My suggestion: Change your setup so the boot/root part of the system is on reliable disks (the internal ones). Suggestion: Partition your two SATA disks, creating a smallish partition on each (for example 100 gig). Use just those two small partitions for the root install. Then take the rest of the two SATA disks and the USB disk, and create a much larger pool out of that, which you put unimportant data (like media and torrents on). Now your system will always come up, and at least root can log in. If the USB disk is slow, then you can log in as root and fix things.

Your suggestiion are cool but I like my setup.
Why do you think it won't boot?
It boots fine in 12.1p7
If you don't know thats cool, but I am still curious why...
 
E.g. a suggestion for a partition layout for your two (identical?) internal disks:
Instead of a 450 GB freebsd-zfs, have a relatively small (e.g. 36-128 GB) partition in a mirrored ZPOOL for the OS. The rest you can put into freebsd-zfs partitions that make up two separate (unmirrored) ZPOOLs for your data, or you put them into one striped ZPOOL like you do now (seems you do not have high demands on storage reliabilty, that's ok). For the USB disk, usually MSDOS or NTFS is choosen because that's portable, but you're free to put a ZFS on it. BUT in it's own ZPOOL, please!

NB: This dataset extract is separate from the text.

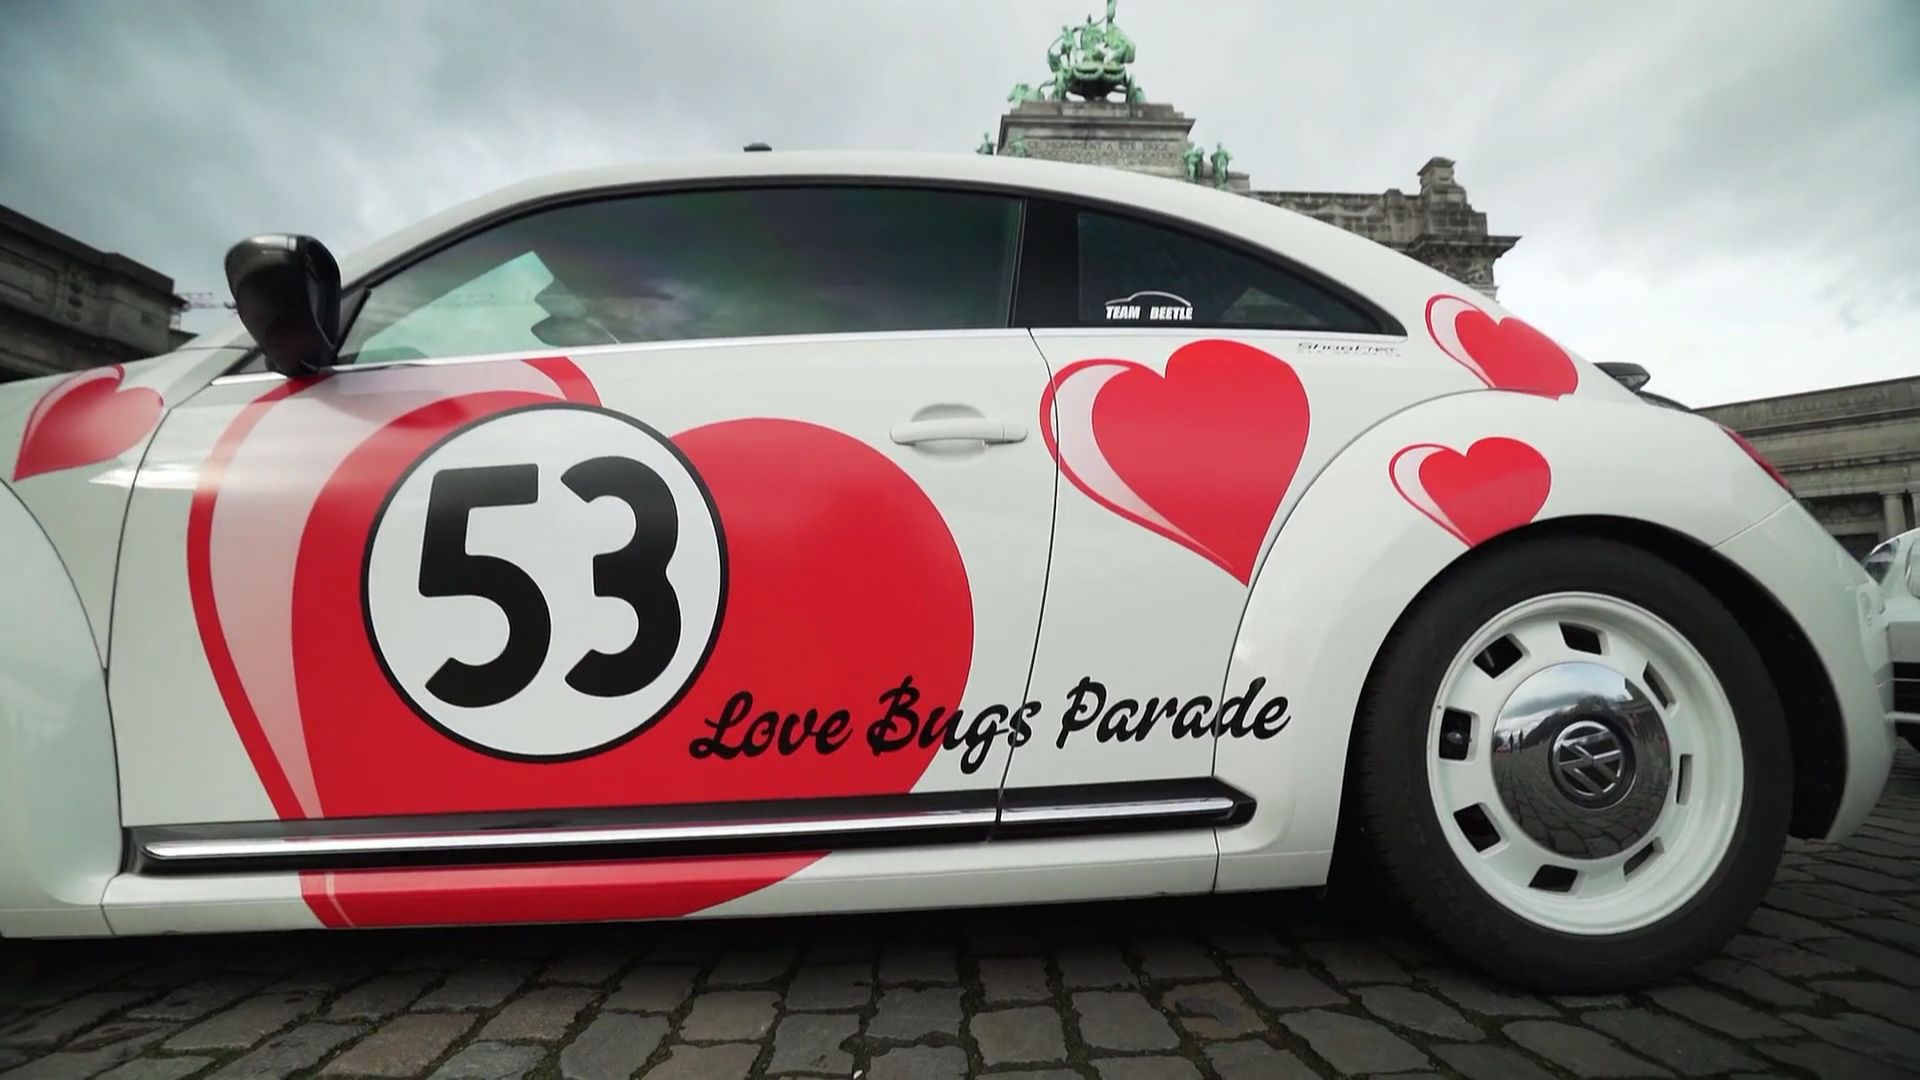 Love bug parade

Again I don't want to do that, everything boots fine under 12.1p7 why not on 12.1p8 I wonder?
 
Can you reproduce that? Did you make a snapshot (boot environment) before freebsd-update(8) which you can boot to -p7? Obviously there are changes between -p7 and -p8 ...
EDIT You asked for advice & answered the very same advice of 4 respected voices: but I like my setup. Did you reflect on what we told you? Most others would see a speedup on boot (not waiting for USB so long) as an enhancement...
 
If you don't know thats cool, but I am still curious why...
I don't know, and it seems nobody else has any idea either. But clearly, the setup with disks of very different IO characteristics and reliability in the same pool is a bad idea.

Suggestion: Since you seem to be willing to run with an unreliable and fragile system, why not just reinstall 12.1p7? I don't know how to do a downgrade (never done one, and it is not recommended), but since you're willing to run your system at the edge of a disaster, why not try?
 
Lets not focus on that as I like the setup.

you don't like it and you don't like the risk that this fragile setup brings, otherwise you would not have asked for advice here. I agree with all others: change your setup if you value your time and your data.